Abstract

Explains the "norm-based criterion" used in the previous work. It needs to be valid under two conditions:
1. The variance of the
norm should be large 2. The minimum value of the norm should be relatively small (I think this It's relatively easy to satisfy)
Proposed: Filter Pruning via Geometric Median (FPGM),
Achieved good results on Cifai10 (feeling a bit low)

Introduction

The current pruning can be
divided into two categories: 1.weight pruning (resulting in unstructured sparseness)
- learning compression algorithms for neural net pruning.
- Learning both weights and connections for efficient neural network.
2.filter pruning (what the article wants to say)
- Pruning networks using neuron importance score propagation.
- Pruning filters for efficient ConvNets.
Some current pruning methods based on size criteria (Figure 1a):
1. Pruning filters for efficient ConvNets.
2. Rethinking the smaller-norm-less-informative assumption in channel pruning of convolution layers
3. Soft filter pruning for accelerating deep convolutional neural networks.

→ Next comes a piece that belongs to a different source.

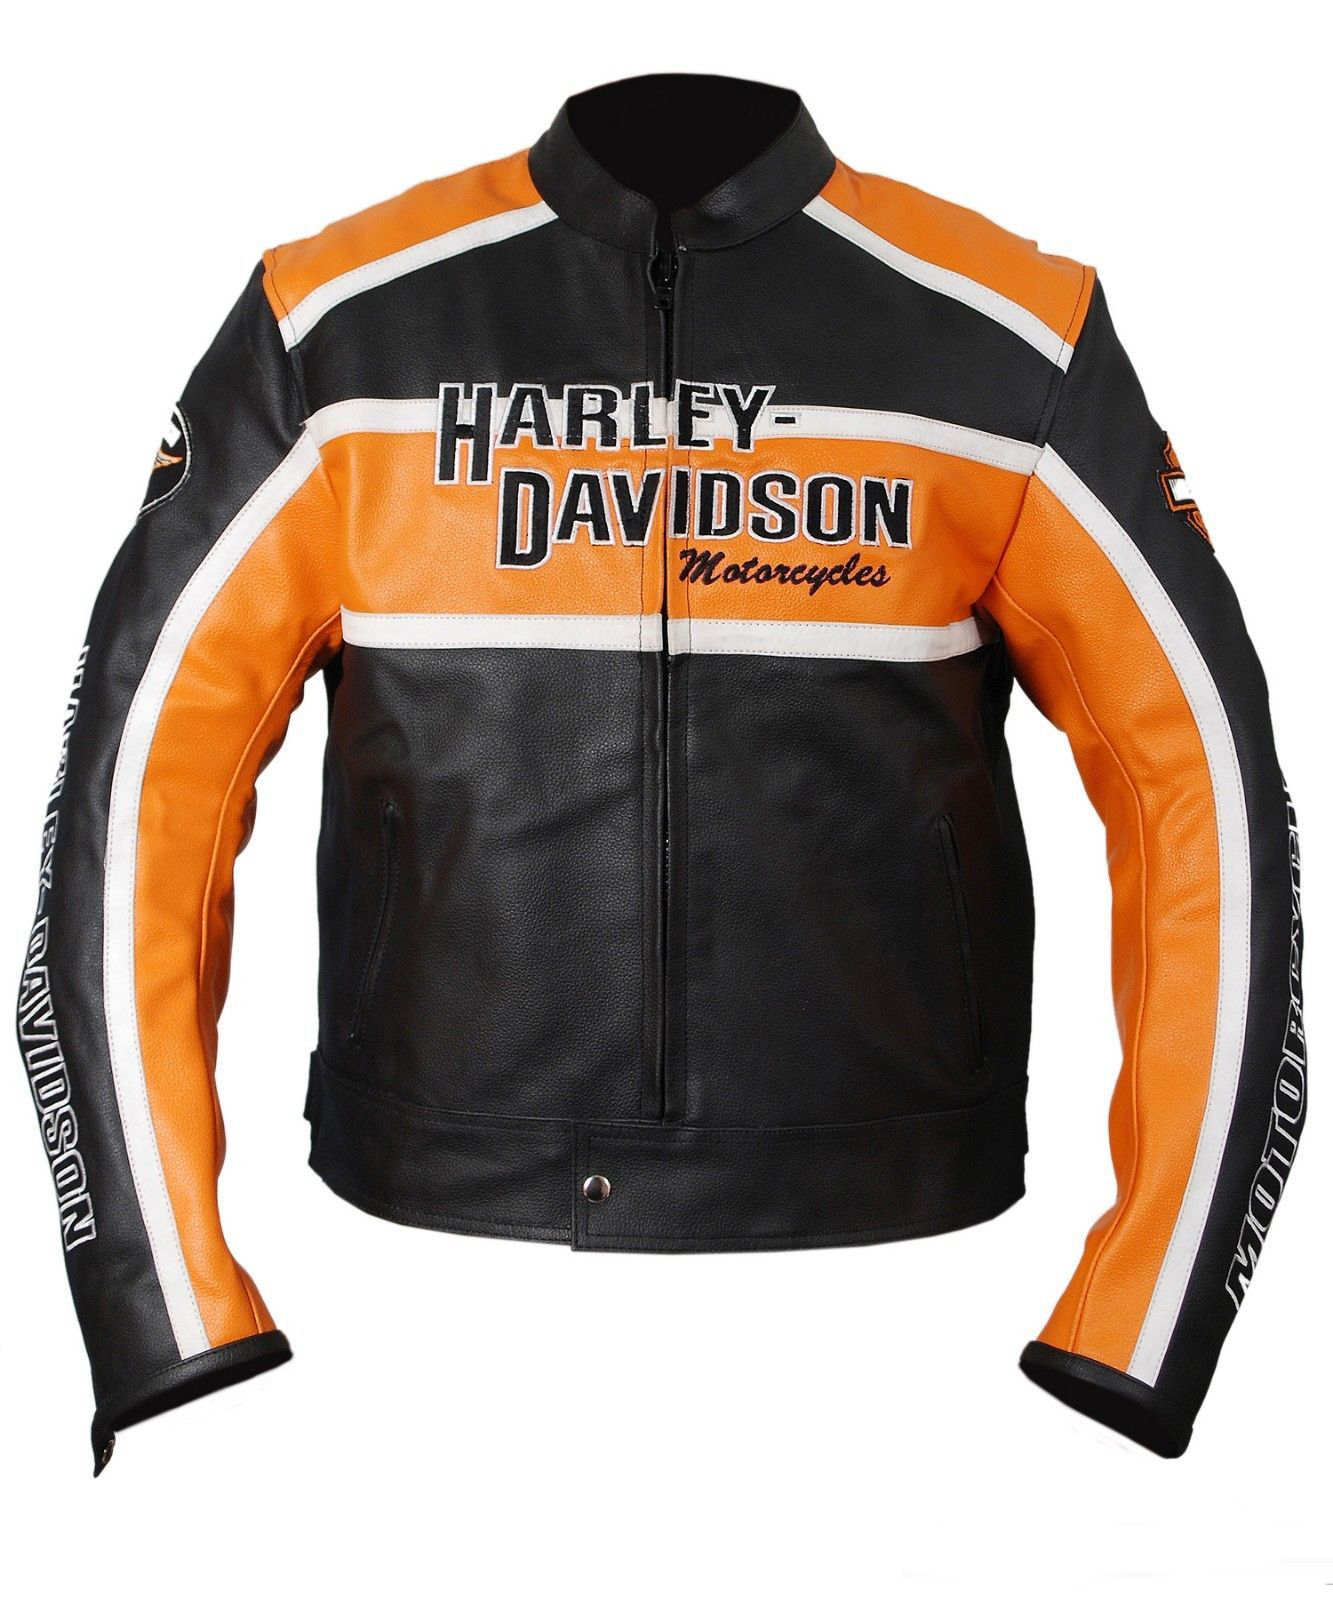 Harley Davidson Leather Jacket France | tyello.com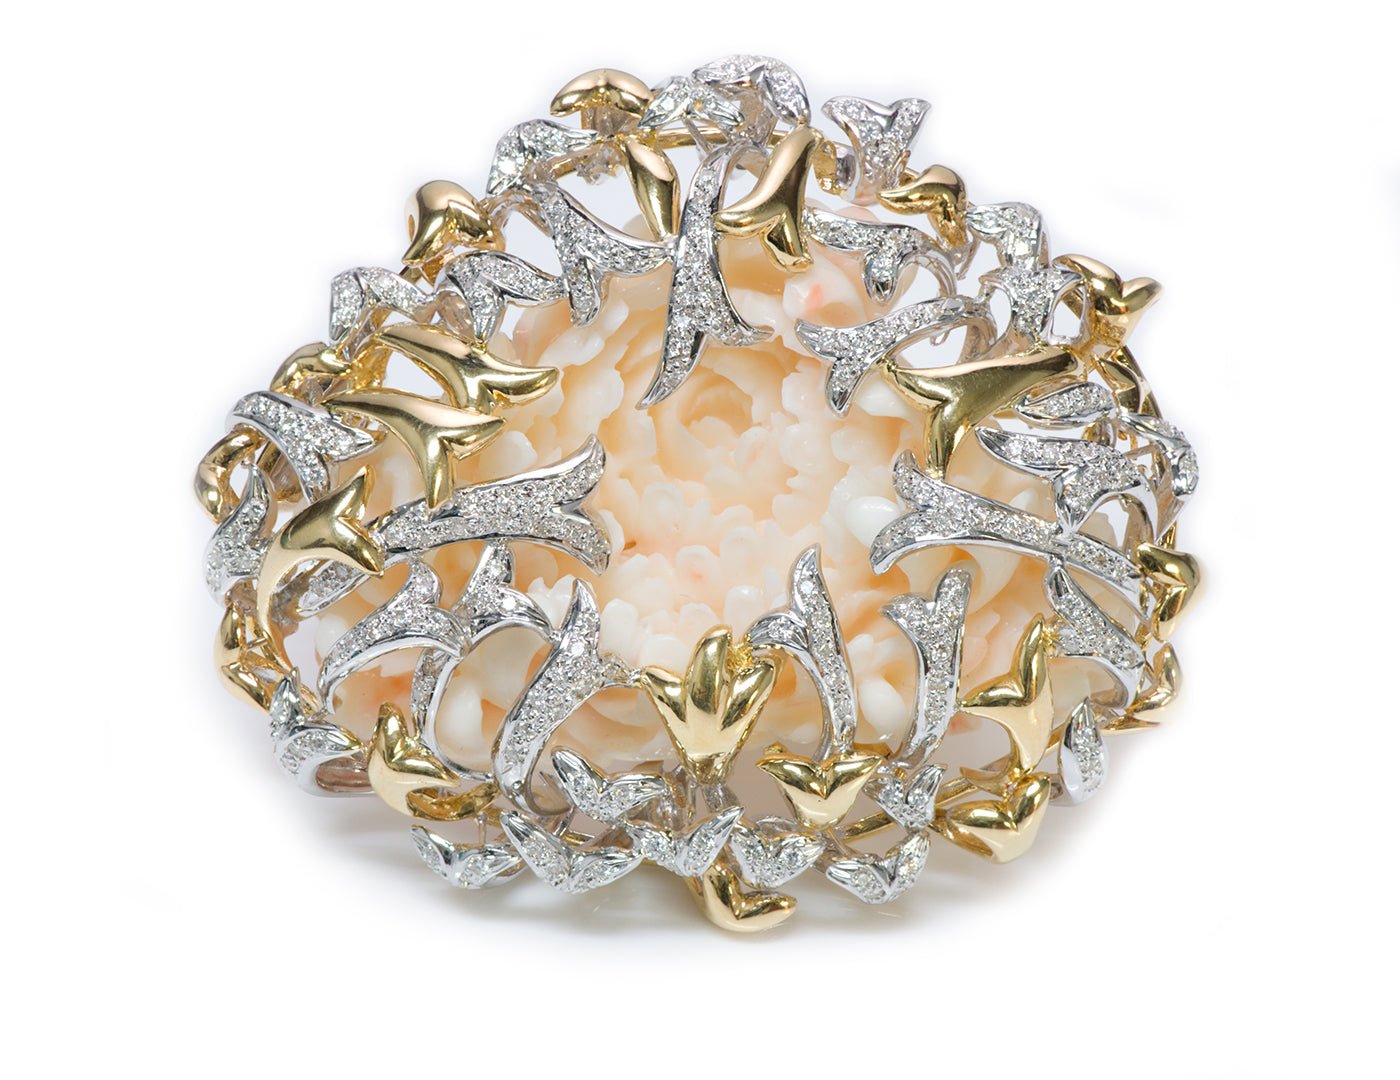 H. Stern DVF Diane Von Furstenberg Gold Diamond Coral Brooch

If this is effective, then the pruning of all layers will have the same impact on the whole. In addition, it also needs a threshold. This threshold can also be changed according to the layer, and the standard for determining the threshold can also be changed according to the layer.
The FPGM pruning algorithm proposed in this paper does not choose the maximum norm criterion, but chooses to calculate the GM of all filters to find the filter that is most easily replaced. Principle: A certain convolution kernel can be replaced by a similar linear.

learning compression algorithms for neural net pruning[11].
An iterative-based method that removes the weight less than the threshold each time
Learning both weights and connections for efficient neural network.
Minimize loss function

Insert picture description here

Generally speaking, the true distribution is different from the hypothetical distribution.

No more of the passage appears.